Required action: In the data below, set down exactly the lines from the one containing "Layan 1-Drawer Side Table - Taupe Grey" up to and including the one containing "October 2015: Madeline". Leave the pictures out.
Start of Data for this exercise
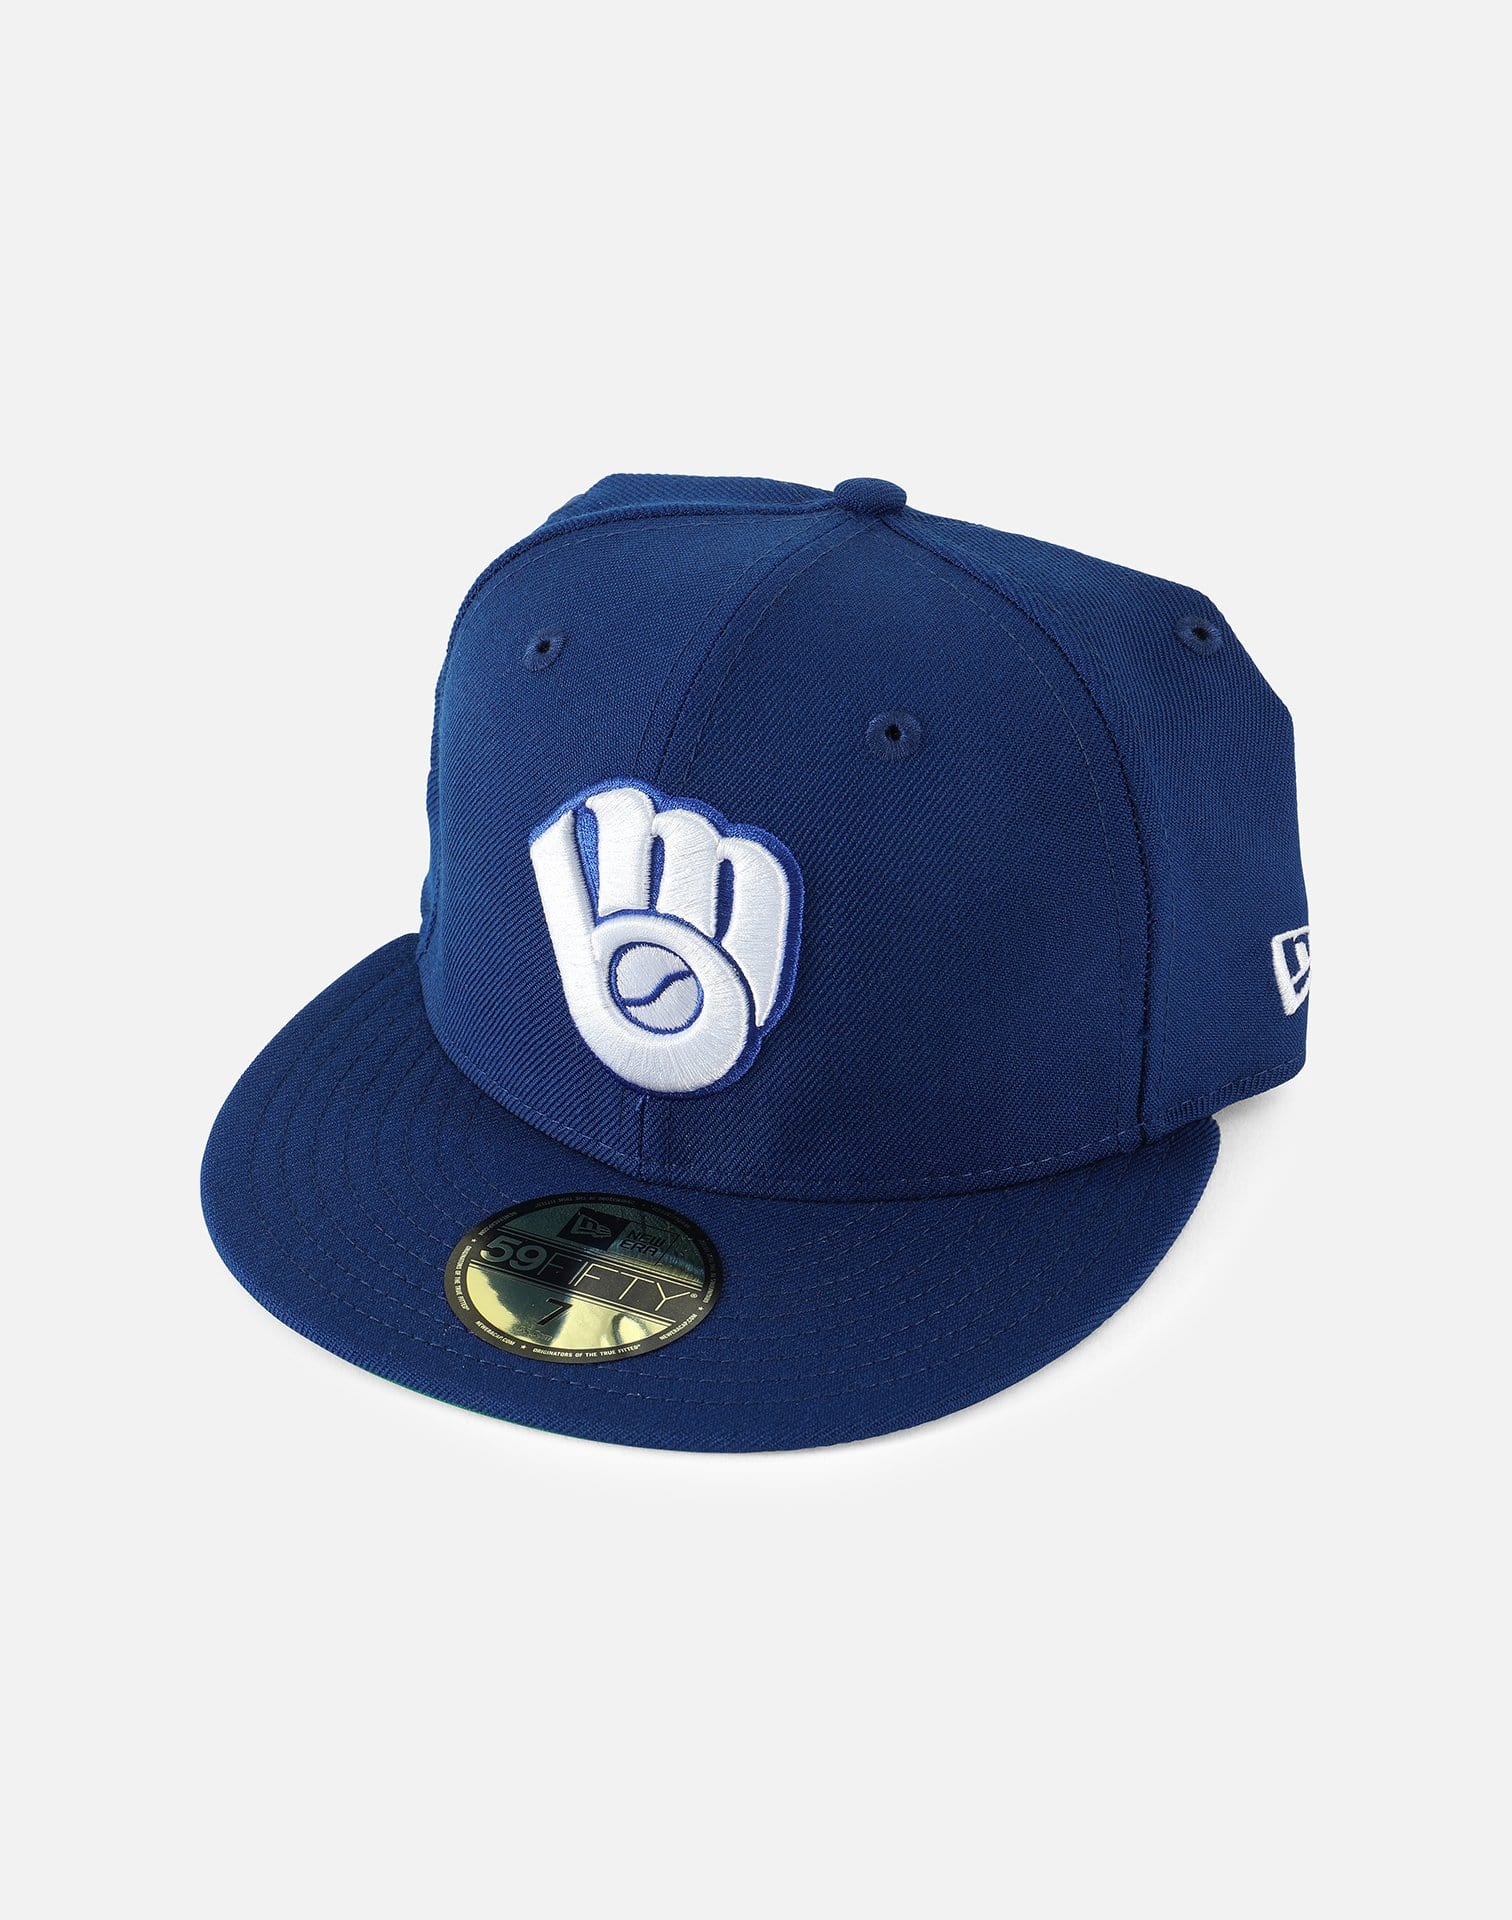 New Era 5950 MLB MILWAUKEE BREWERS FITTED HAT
End of Data for this exercise
Start of Data for this exercise
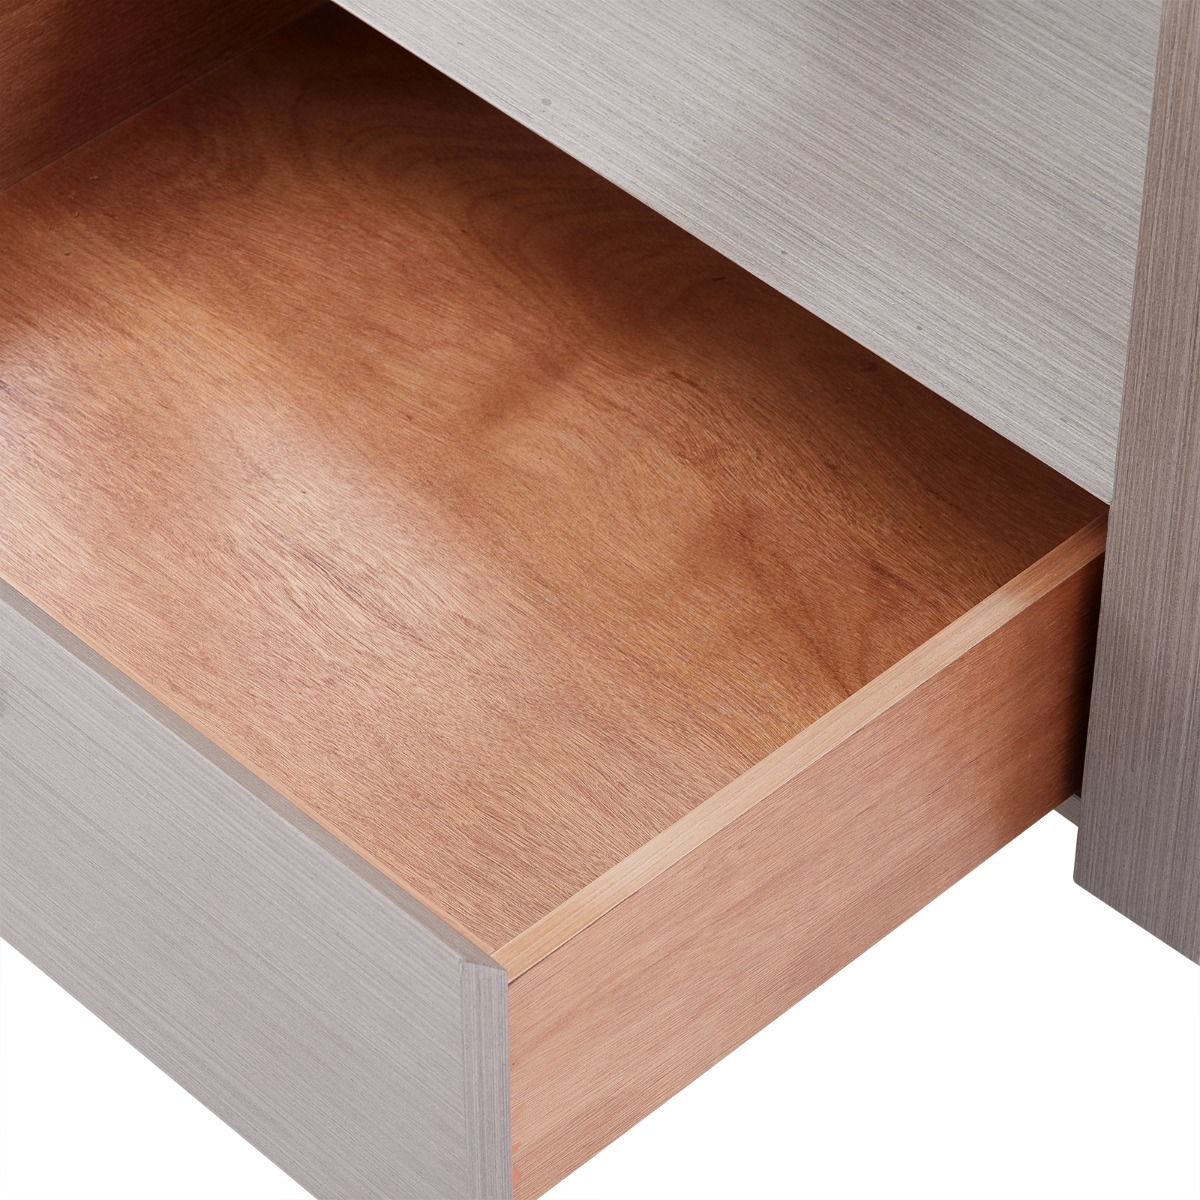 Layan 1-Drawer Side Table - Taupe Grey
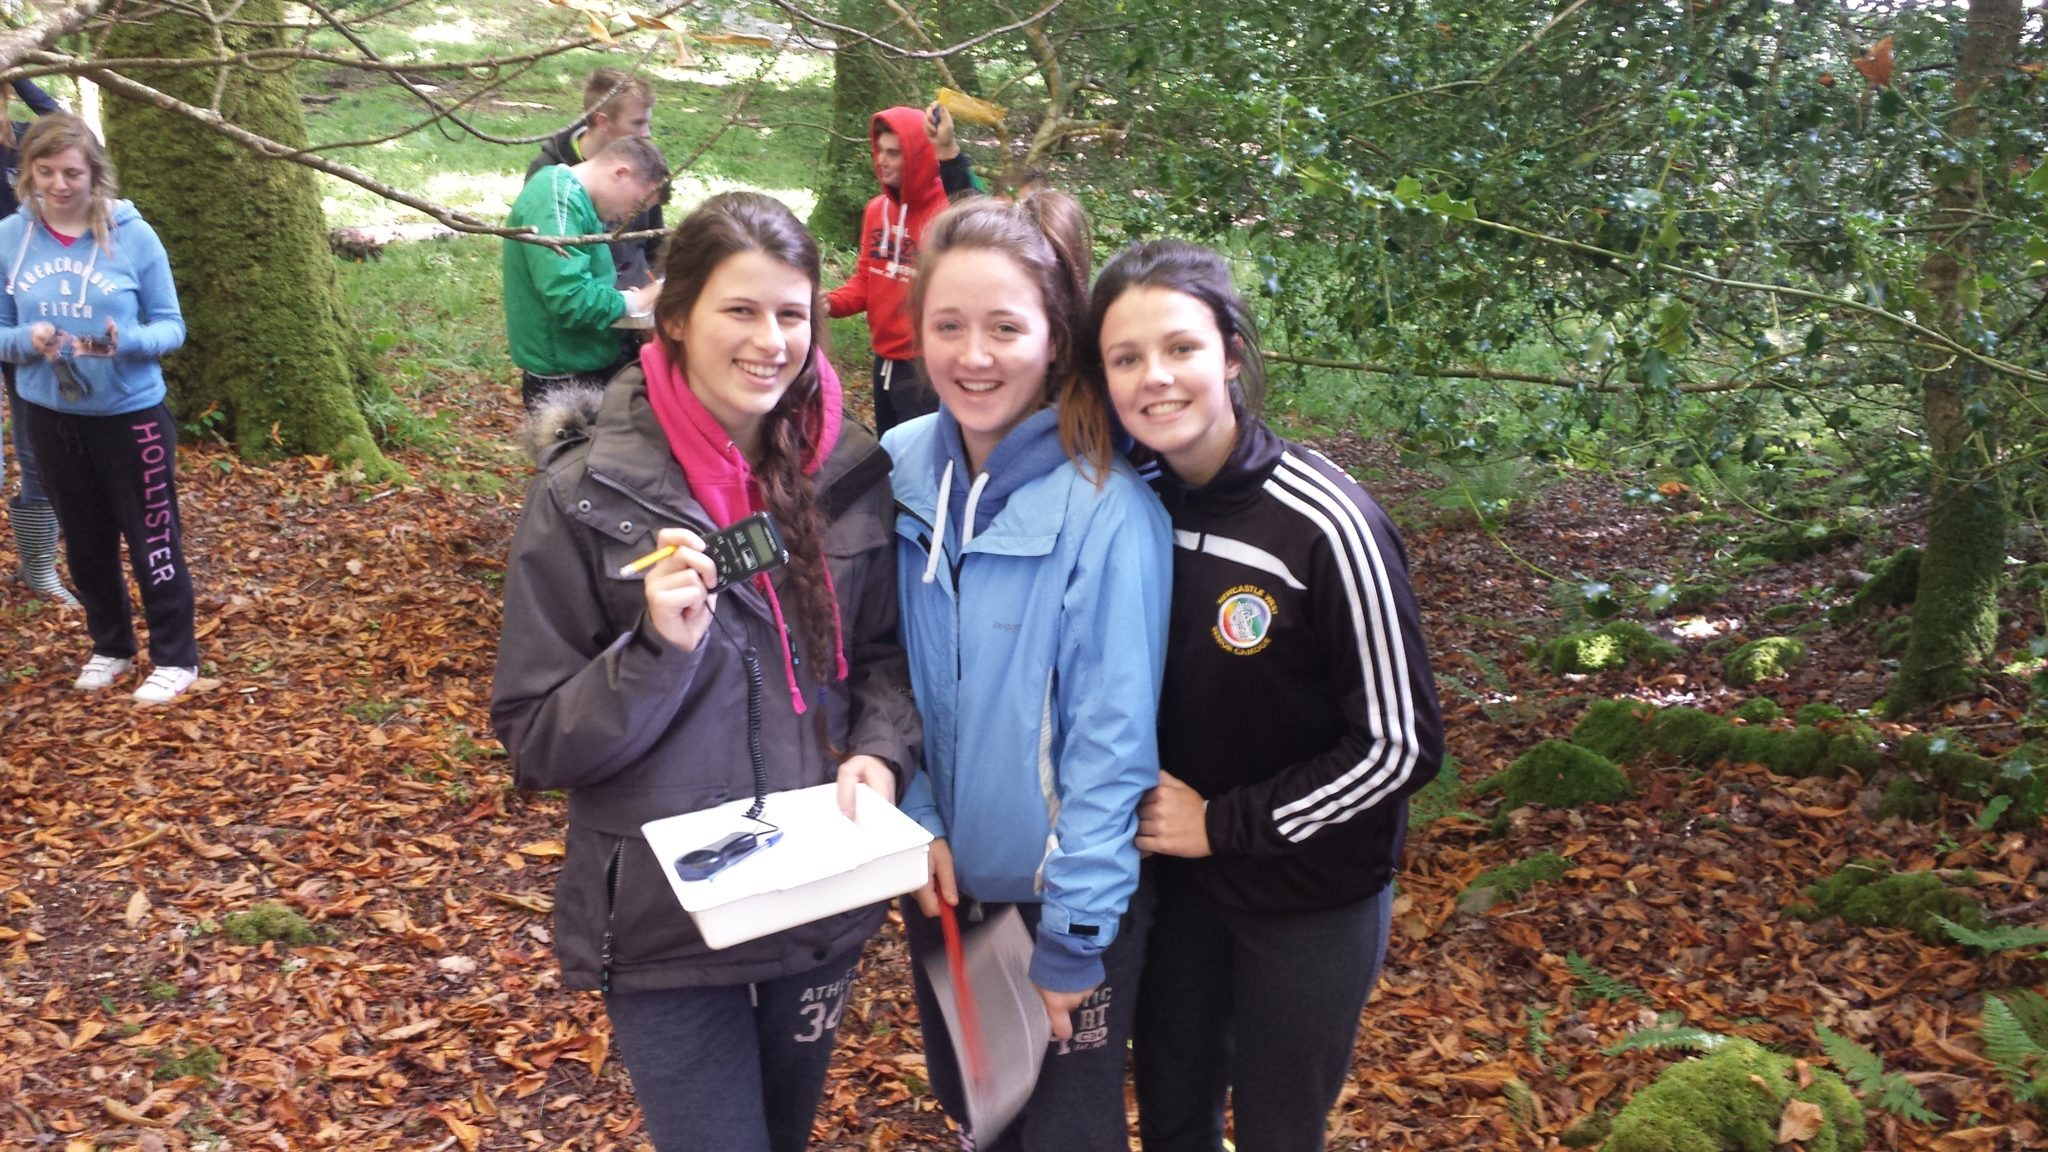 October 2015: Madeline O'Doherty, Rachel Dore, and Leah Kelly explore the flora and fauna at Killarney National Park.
End of Data for this exercise
Start of Data for this exercise
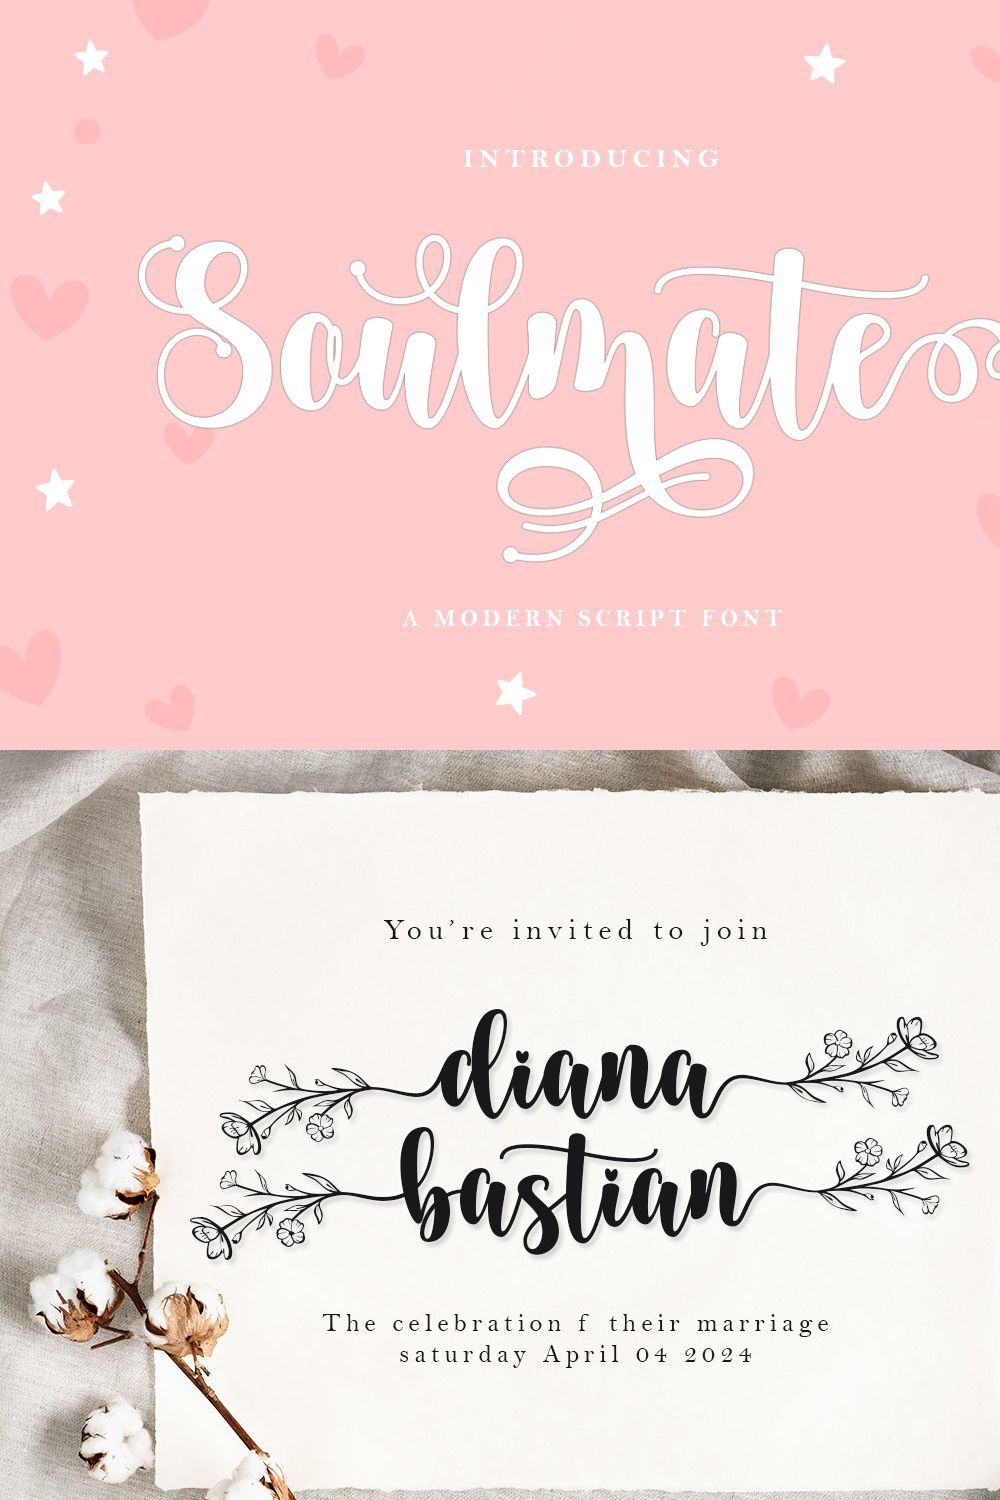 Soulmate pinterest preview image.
End of Data for this exercise
Written solution:
 Layan 1-Drawer Side Table - Taupe Grey
 October 2015: Madeline O'Doherty, Rachel Dore, and Leah Kelly explore the flora and fauna at Killarney National Park.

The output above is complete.